Method-Specific Problems
Analgesia gaps may occur in the area of the frenulum. The meatus is not anesthetized in the penile root block.
18.1.5 Remarks on the Technique
Burke et al (2000) report on temporary ischemia of the glans penis after using ropivacaine 0.75% (7.5 mg/mL). Due to the vasoconstrictive properties of ropivacaine, the scientific working group for pediatric anesthesia of the German Society of Anesthesia and Intensive Medicine (DGAI) has currently reached no conclusive assessment of the use of ropivacaine in end-arterial areas (Mader et al 2007).
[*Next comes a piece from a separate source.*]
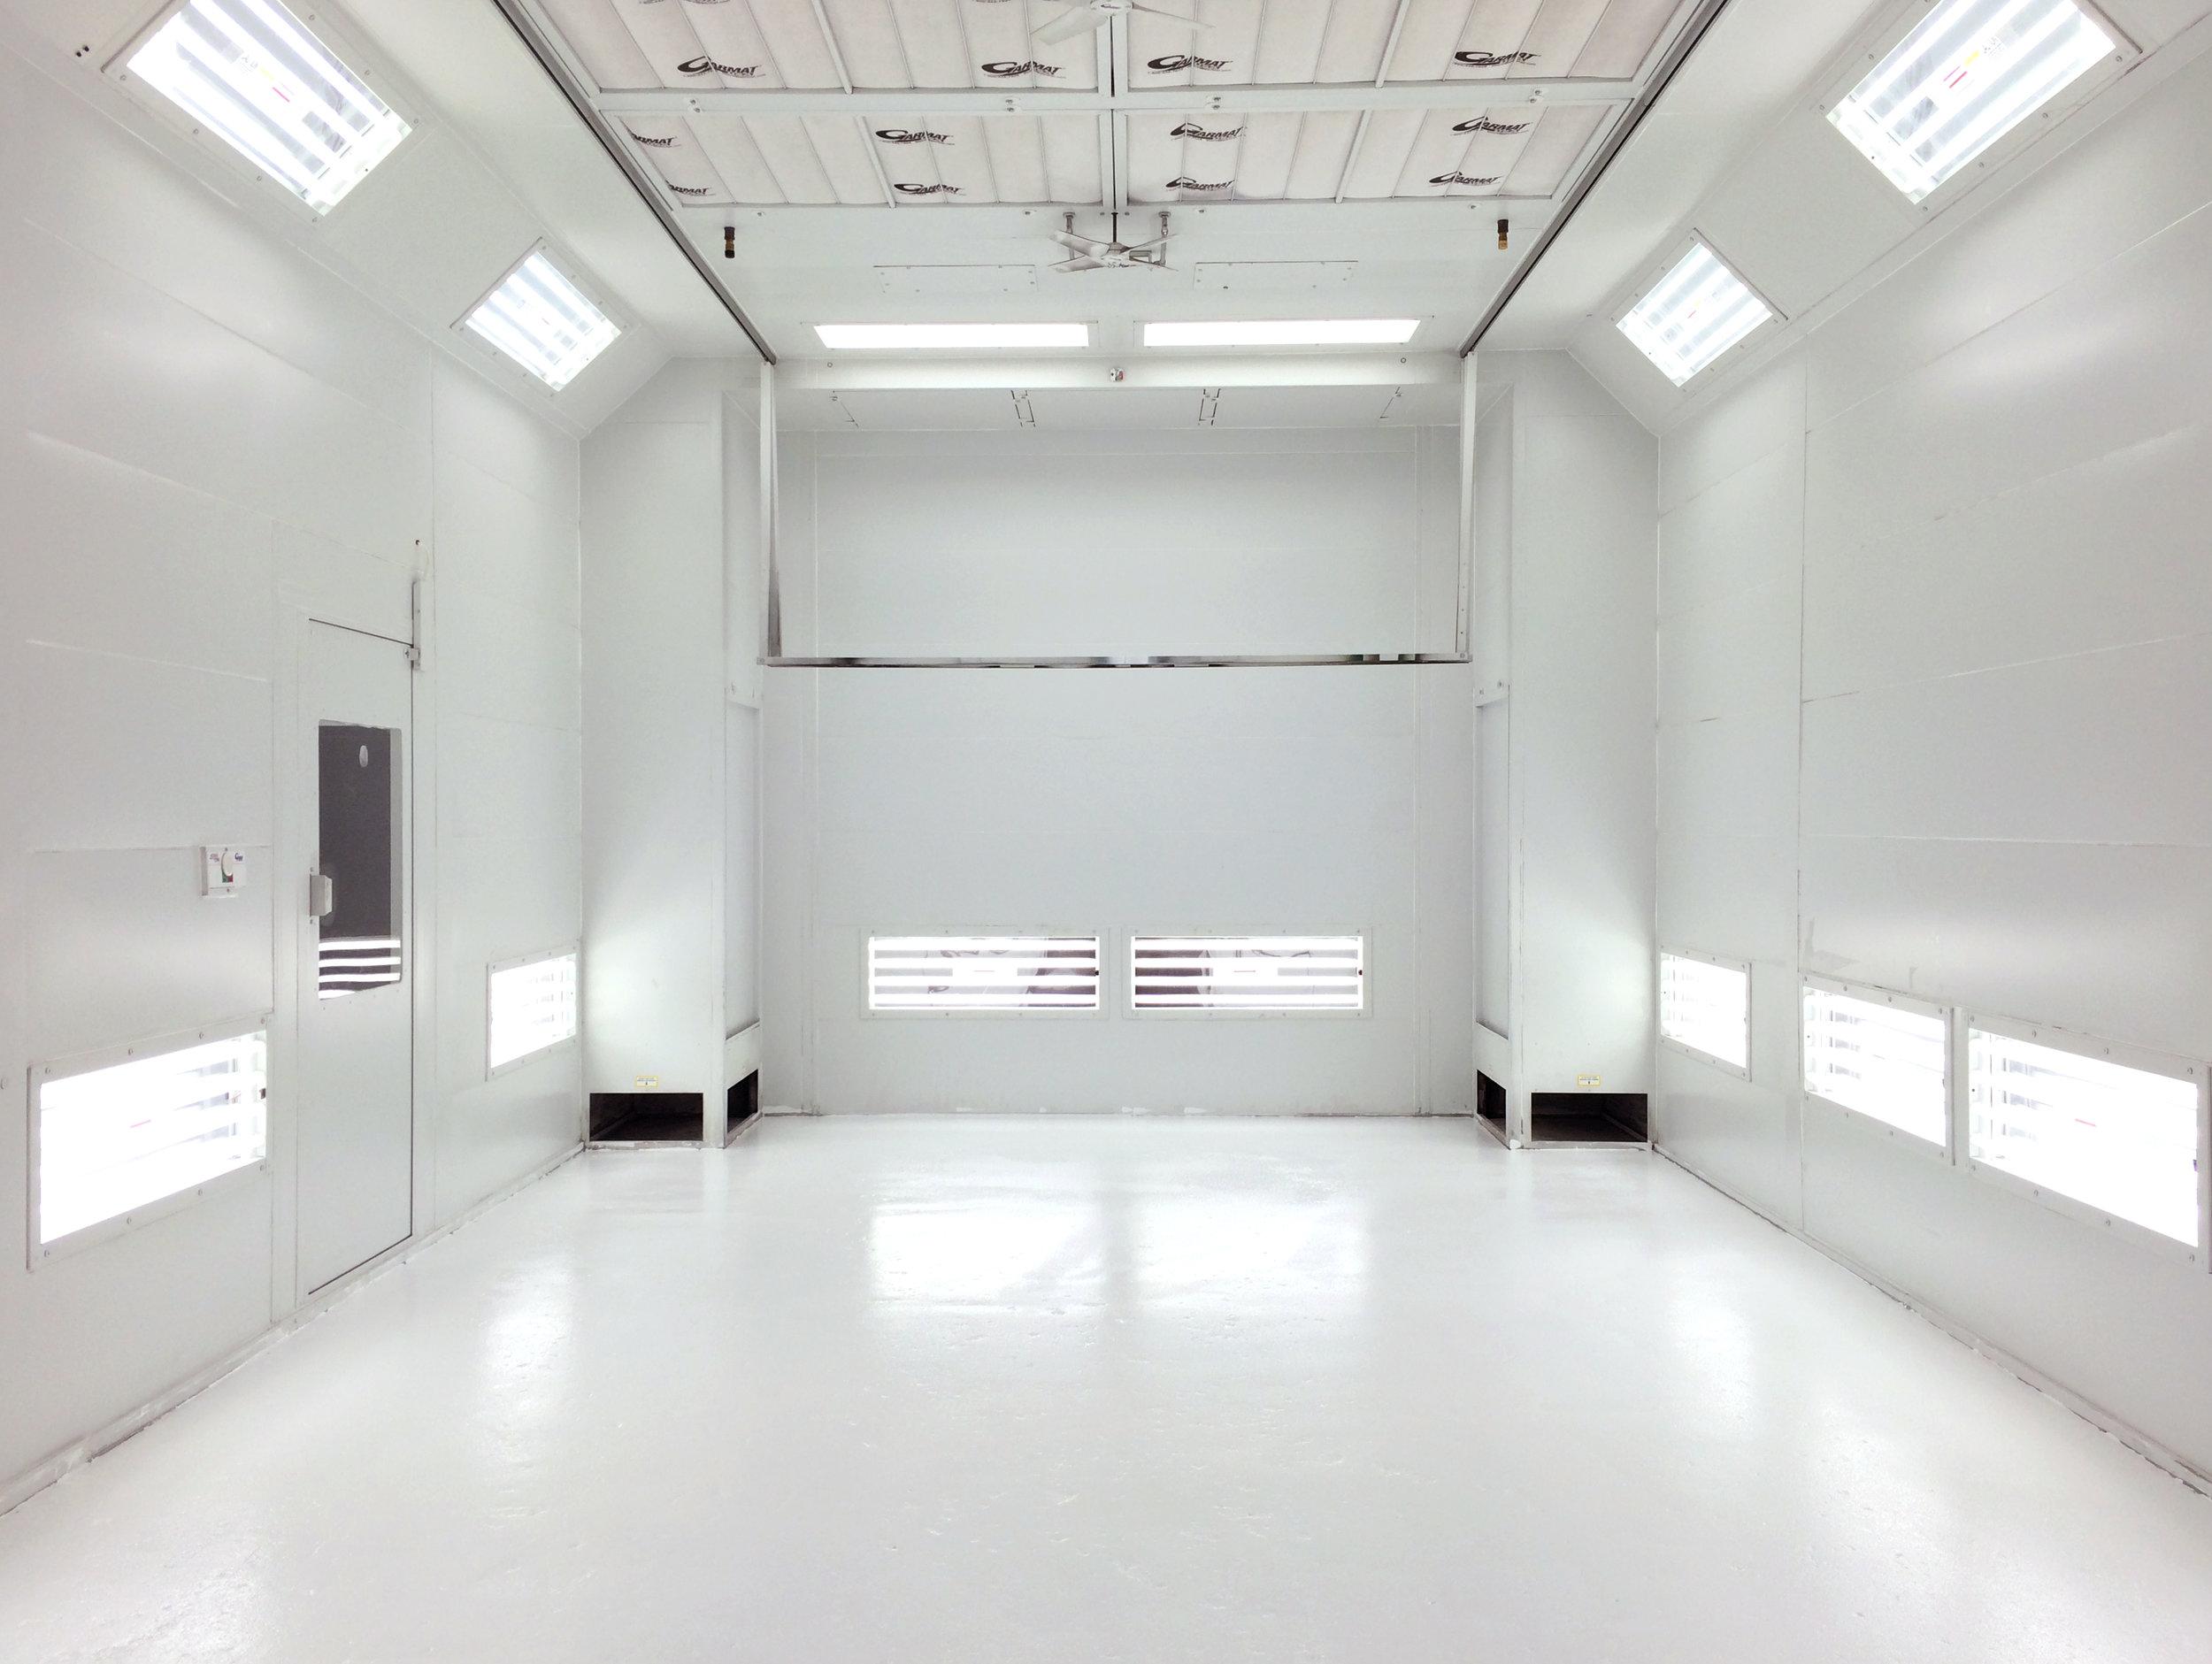 Garmat paint booth
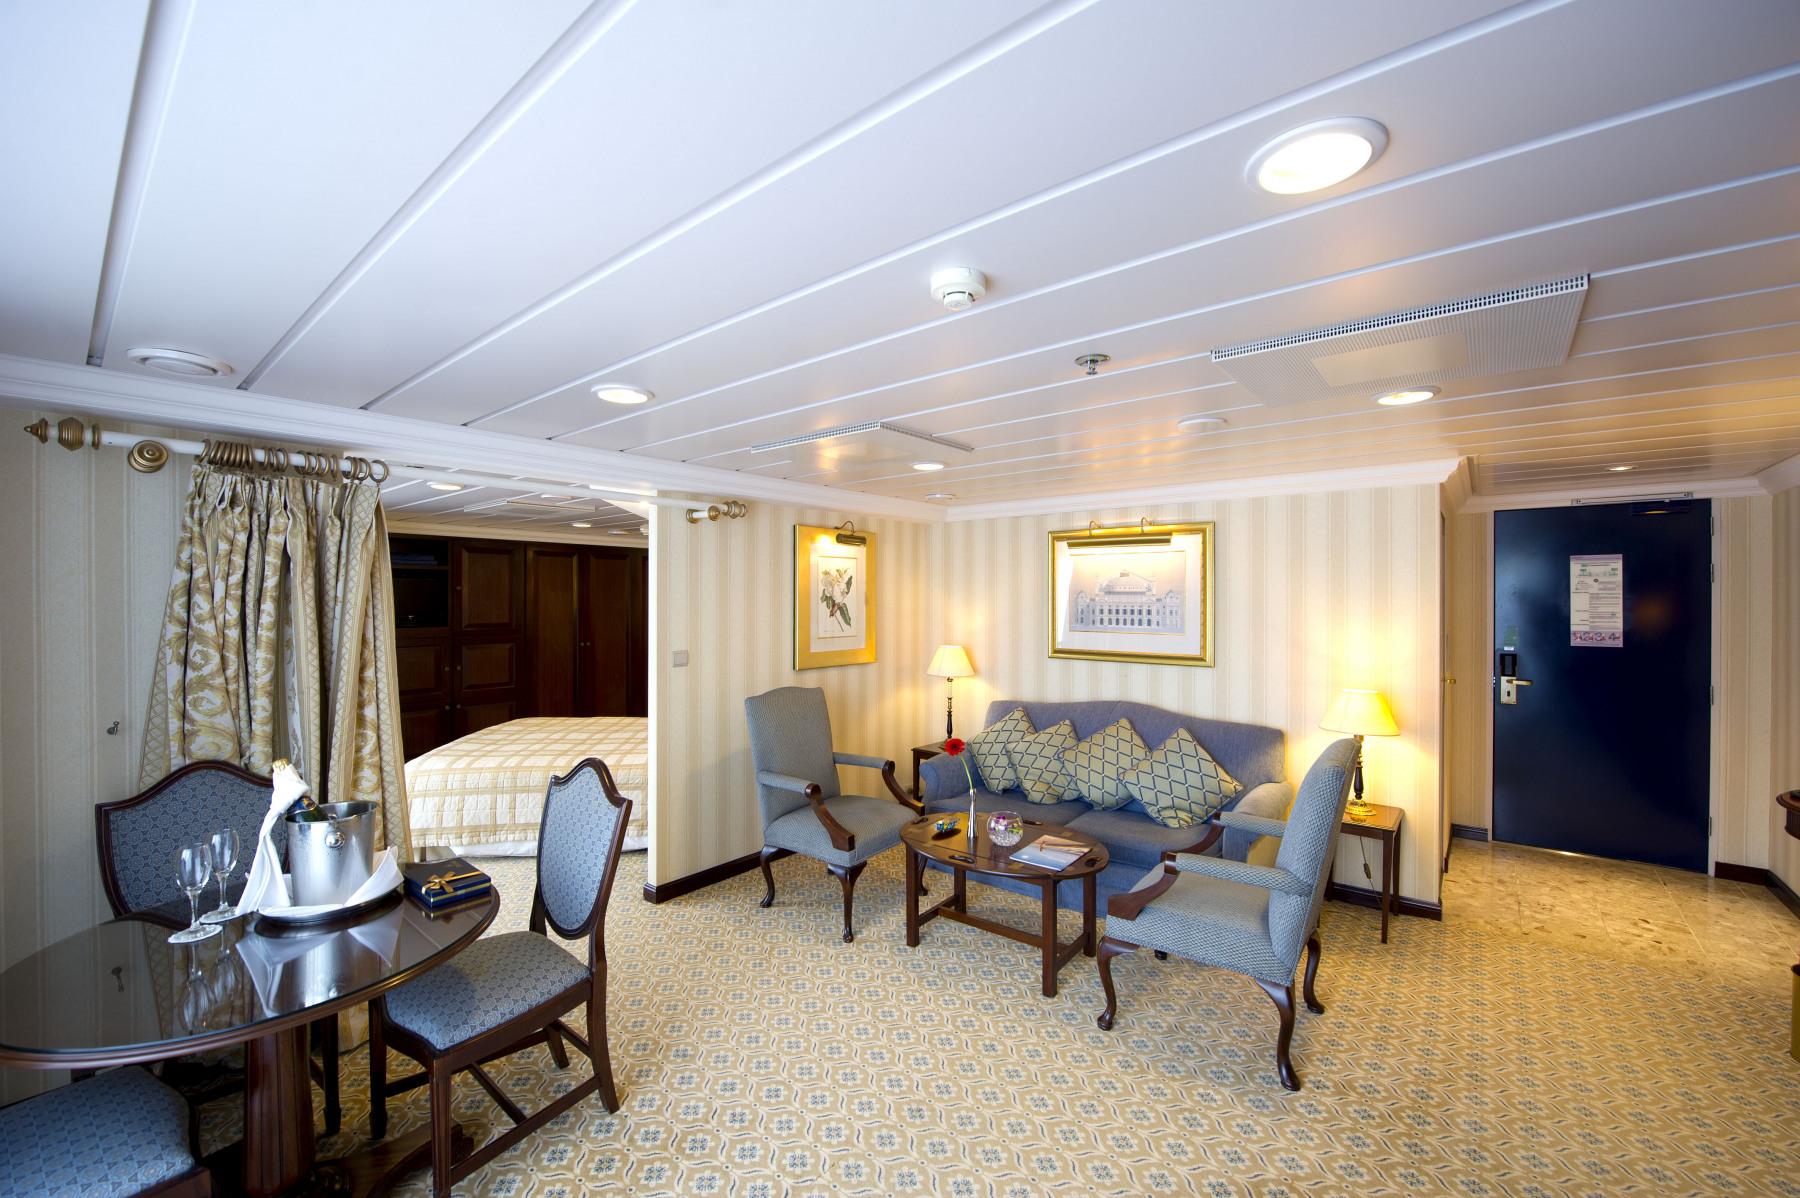 P&O Cruises Adonia Accommodation Penthouse Suite 2.jpg

As an alternative to the technique described above, the block can also be made by a single median puncture (Bacon 1977). After bone contact with the symphysis, the needle is withdrawn slightly and advanced directly caudal to the symphysis. After aspiration, the local anesthetic is applied. This technique increases the risk of a hematoma (see above).
18.2 Ilioinguinal Nerve Block
18.2.1 Anatomy
The iliohypogastric nerve (T12, L1) and ilioinguinal nerve (L1) descend from the lateral border of the psoas major muscle between the renal capsule and the quadratus lumborum muscle. Both nerves run parallel and cranial to the iliac crest between the internal oblique muscle and the transversus abdominis muscle (Fig. 18.4) and supply sensory innervation to the skin of the lateral hip region, the mons pubis, and the anterior upper part of the scrotum or the labia majora.
18.2.2 Sonoanatomy
A linear transducer is placed on the lateral abdominal wall medial or slightly craniomedial to the anterior superior iliac spine and the iliohypogastric and the ilioinguinal nerves are visualized in the short axis (Fig. 18.5). The nerves can be visualized within a “lenticular” double fascia between the internal oblique muscle and the transversus abdominis muscle as hypoechoic structures surrounded by the hyperechoic fascia (Fig. 18.6).
18.2.3 Technique of Ilioinguinal Nerve Block
Landmarks
Anterior superior iliac spine, muscles of the abdominal wall in the ultrasound image (see TAP block; Chapter 13.3), double fascia between the transversus abdominis muscle and the internal oblique muscle.